Misunderstanding Computers

Why do we insist on seeing the computer as a magic box for controlling other people?
人はどうしてコンピュータを、人を制する魔法の箱として考えたいのですか?
Why do we want so much to control others when we won't control ourselves?
どうしてそれほど、自分を制しないのに、人をコントロールしたいのですか?

Computer memory is just fancy paper, CPUs are just fancy pens with fancy erasers, and the network is just a fancy backyard fence.
コンピュータの記憶というものはただ改良した紙ですし、CPU 何て特長ある筆に特殊の消しゴムがついたものにすぎないし、ネットワークそのものは裏庭の塀が少し拡大されたものぐらいです。

(original post/元の投稿 -- defining computers site/コンピュータを定義しようのサイト)

Saturday, October 7, 2017

Languages in a Common Character Code for Information Interchange

Having said a bit about why I want to re-invent Unicode (so to speak), I want to rant a little about the overall structure, relative to languages, that I propose for this Common Code for Information Interchange, as I am calling it.

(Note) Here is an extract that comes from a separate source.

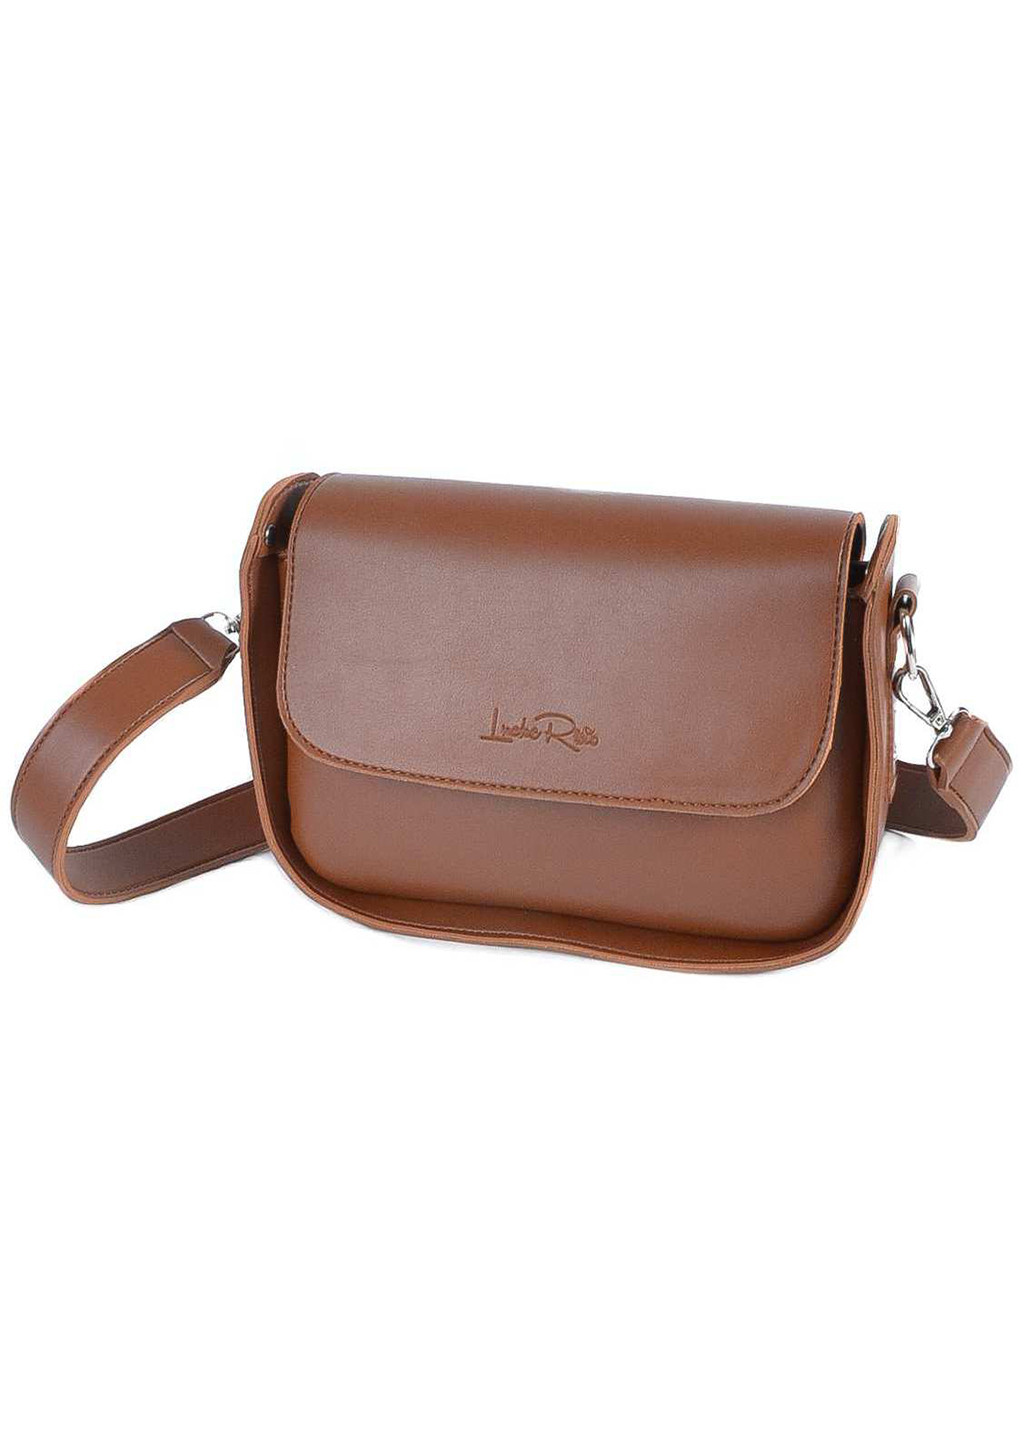 Женская сумка LucheRino 696 (266902649)

I've talked a little about the goals, and the structure, in the past. Much of what I said there I still consider valid, but I want to take a different approach here, look from the outside in a bit.

First, I plan the encoding to be organized in an open-ended way, the primary reason being that language is always changing.

Second, there will be a small subset devoted primarily to the technical needs of encoding and parsing, which I will describe in more detail in a separate rant.

Third, there will be an international or interlocality context or subset, which will be relatively small, and will attempt to include enough of each current language for international business and trade. This will appear to be a subset of Unicode, but will not be a proper subset. I have not defined much of this, but I will describe what I can separately.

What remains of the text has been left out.